--- EXERCISE ---
Restate all of the following data exactly, keeping any images out of the copy.

--- SUPPLIED INFORMATION ---
Start of Block

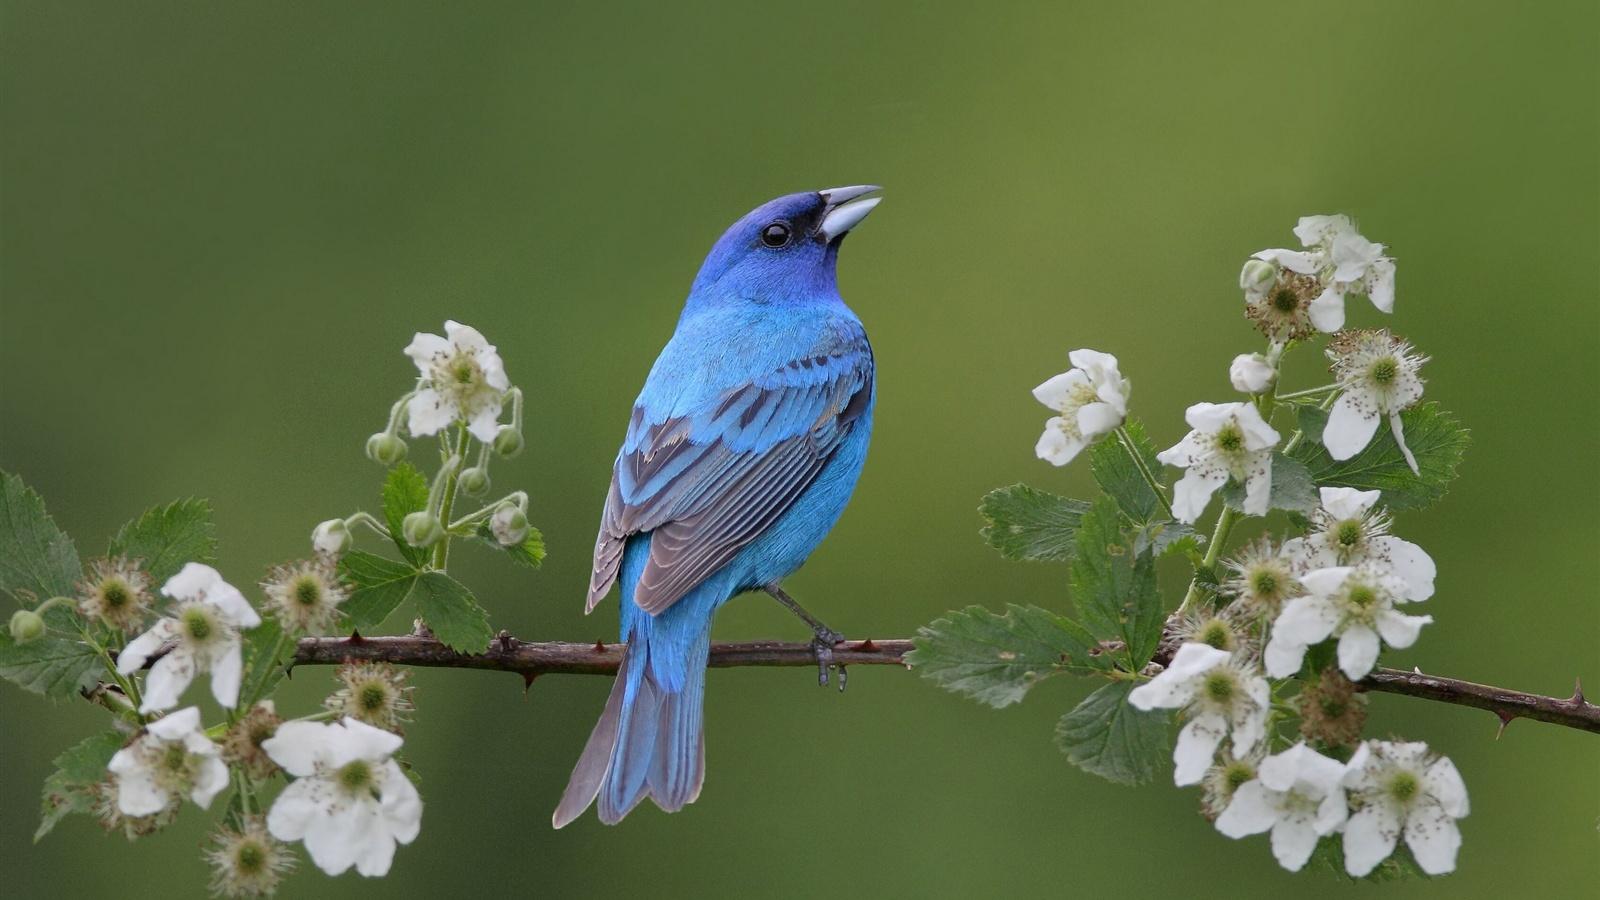 spring bird on a - photo #5
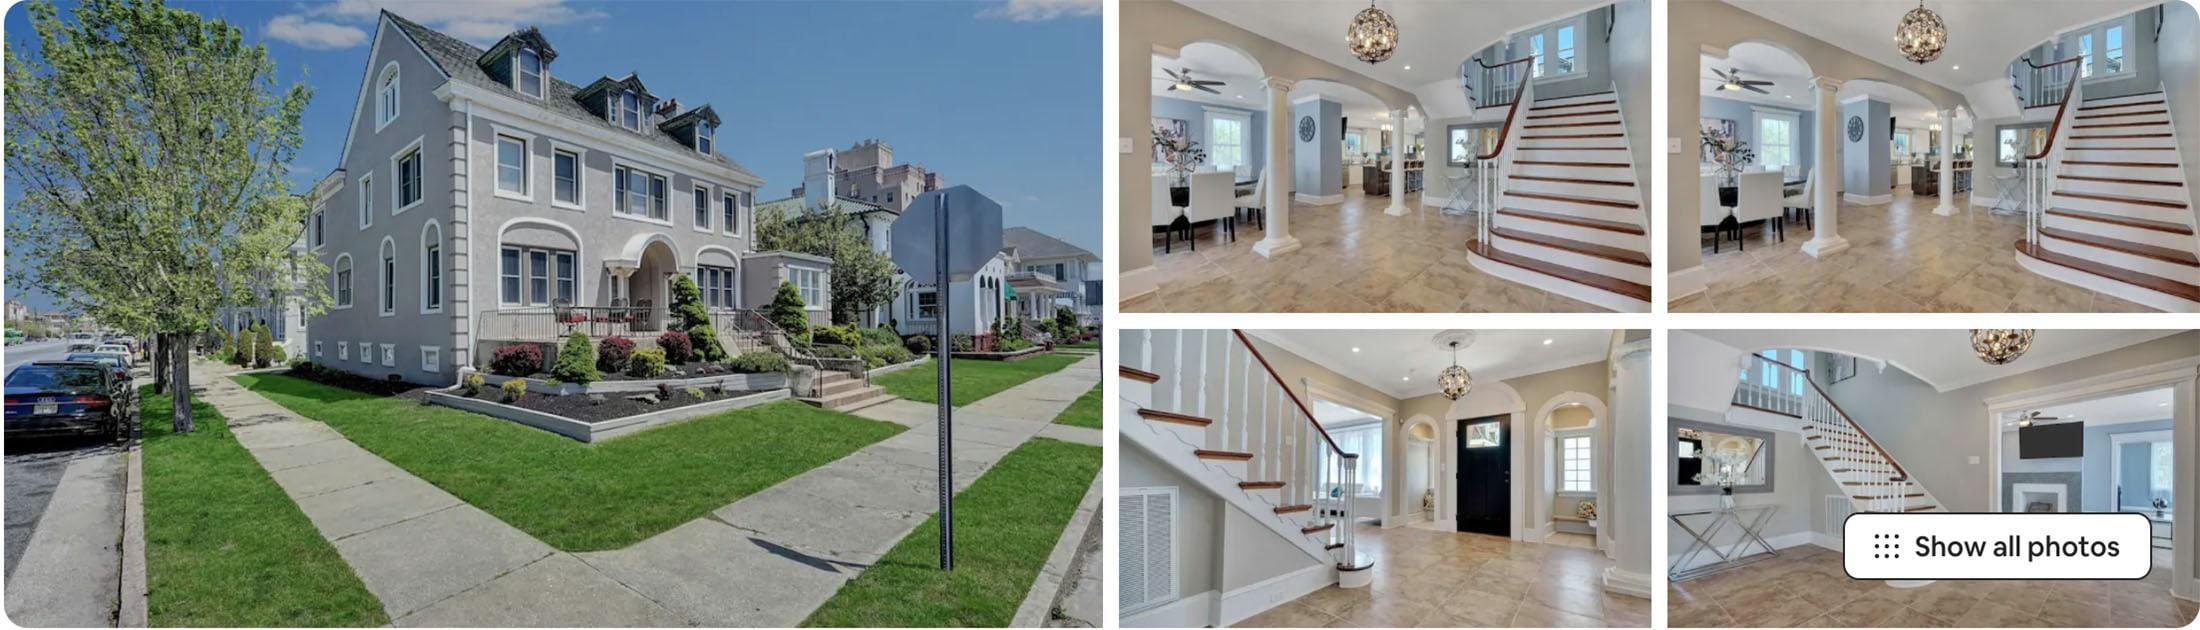 Atlantic City Airbnb mansion
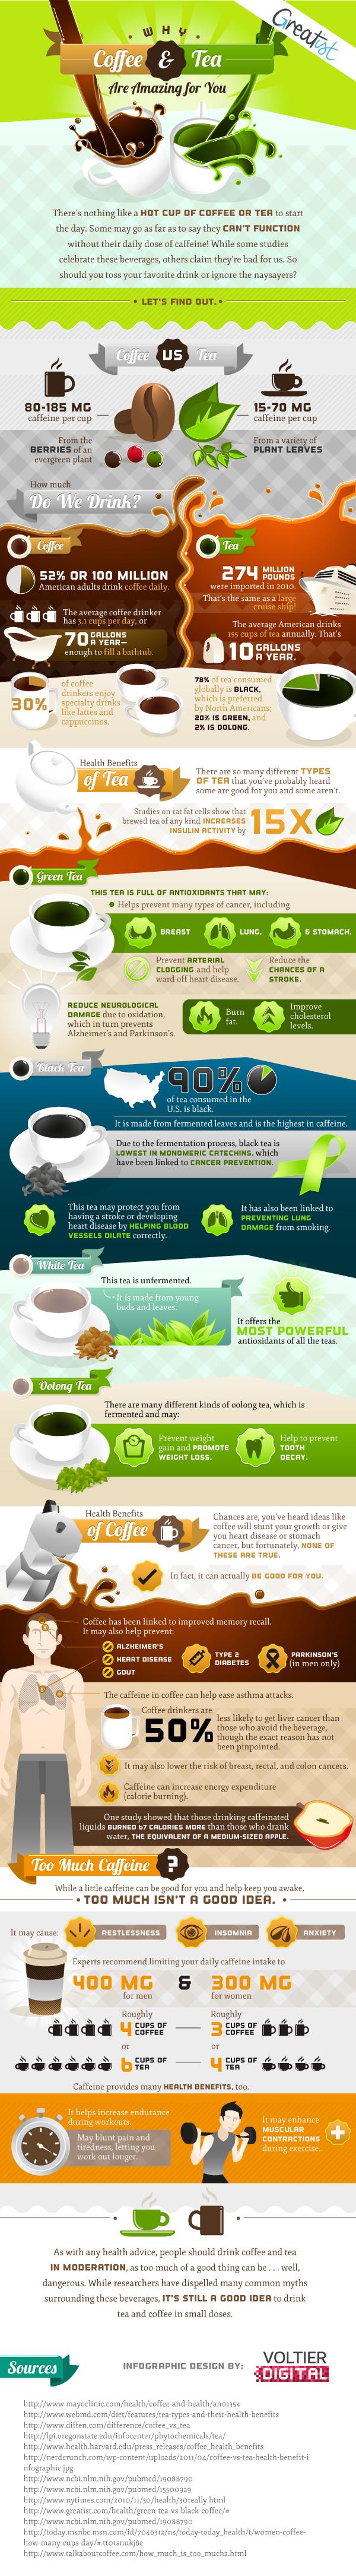 Beneficios del café y el té - #infografia / Why coffee and tea are amazing for you? - #infographic
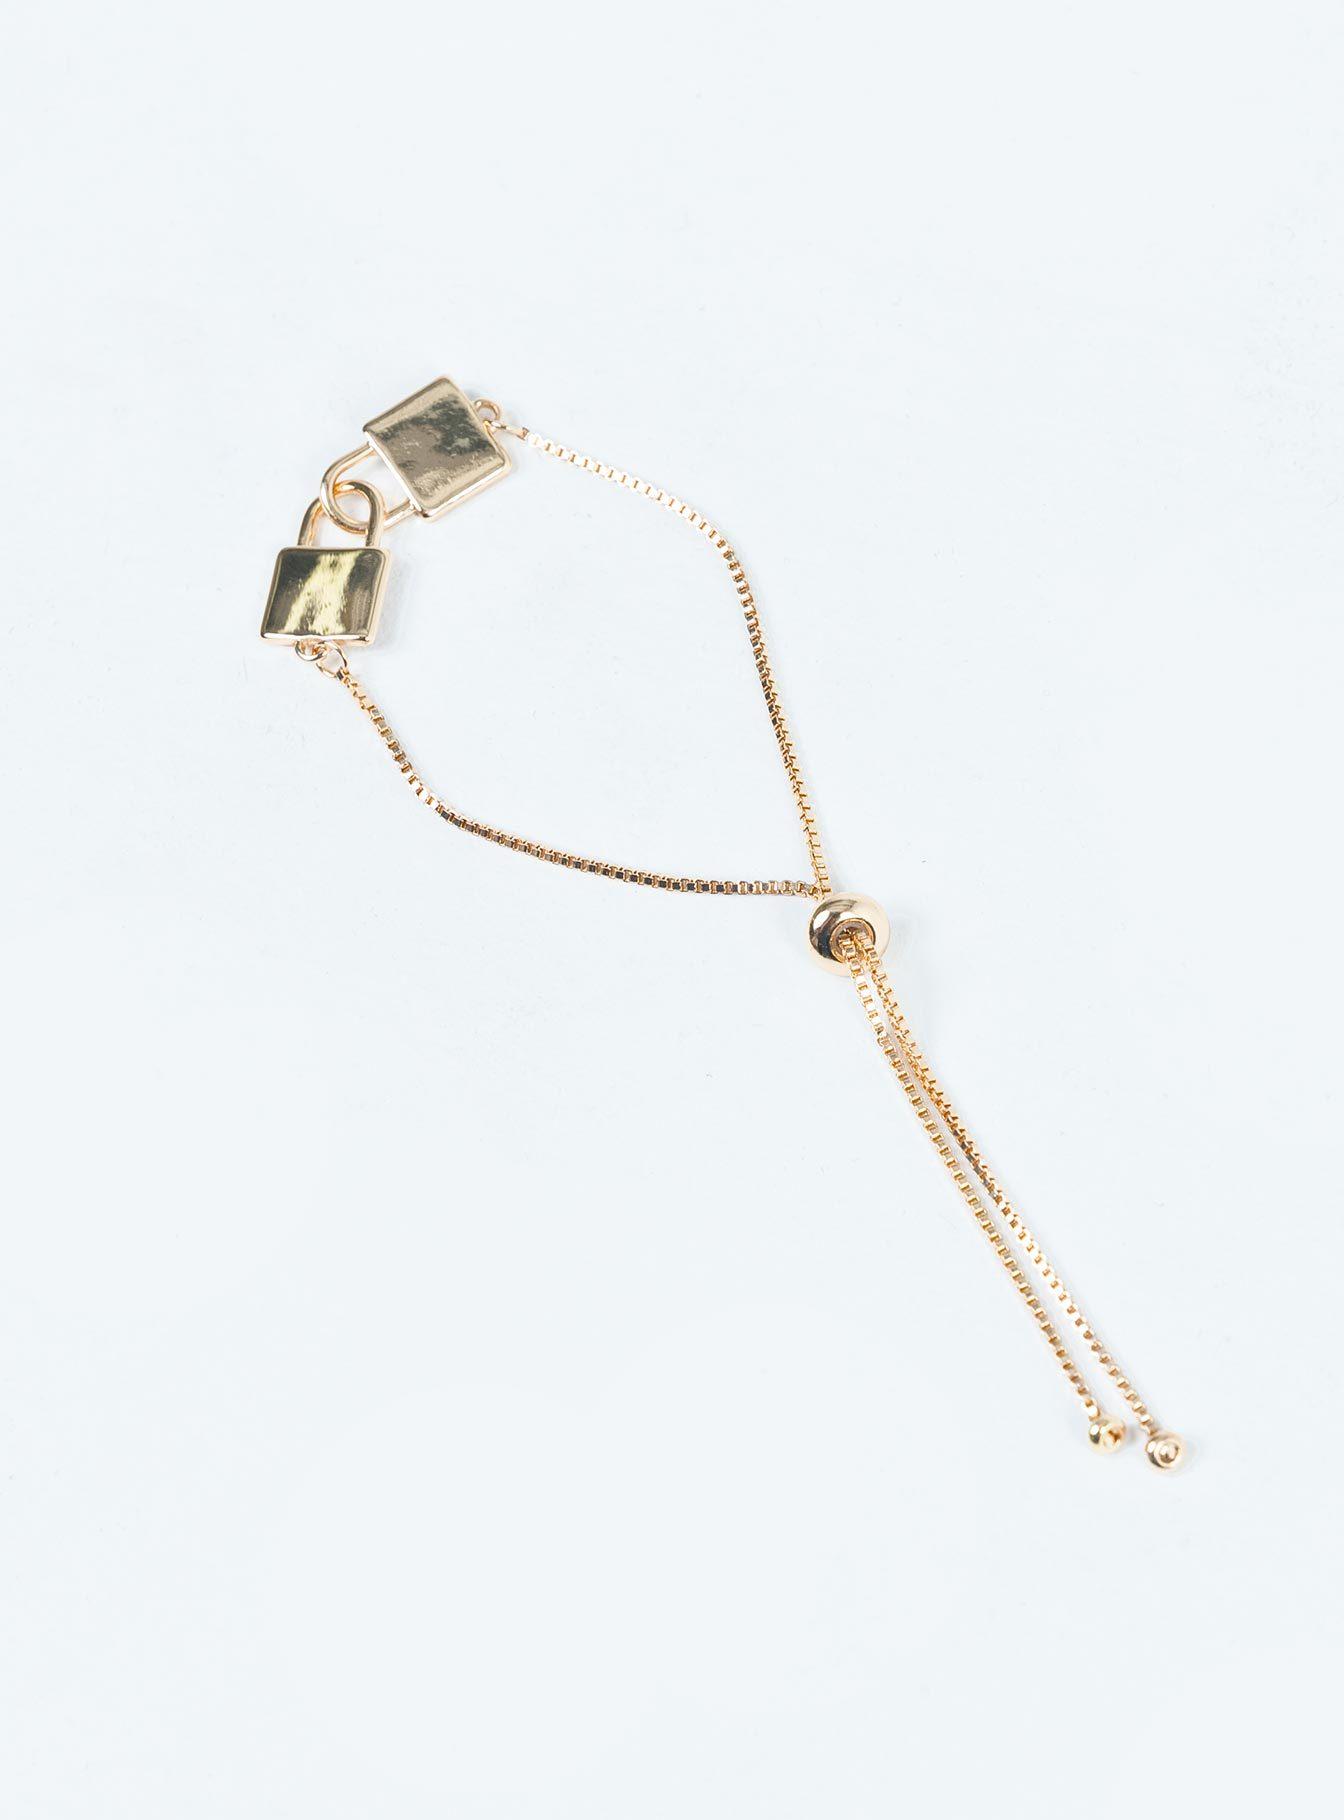 Bracelets & Anklets (Side B)

End of Block

--- YOUR RESPONSE ---
 spring bird on a - photo #5
 Atlantic City Airbnb mansion
 Beneficios del café y el té - #infografia / Why coffee and tea are amazing for you? - #infographic
 Bracelets & Anklets (Side B)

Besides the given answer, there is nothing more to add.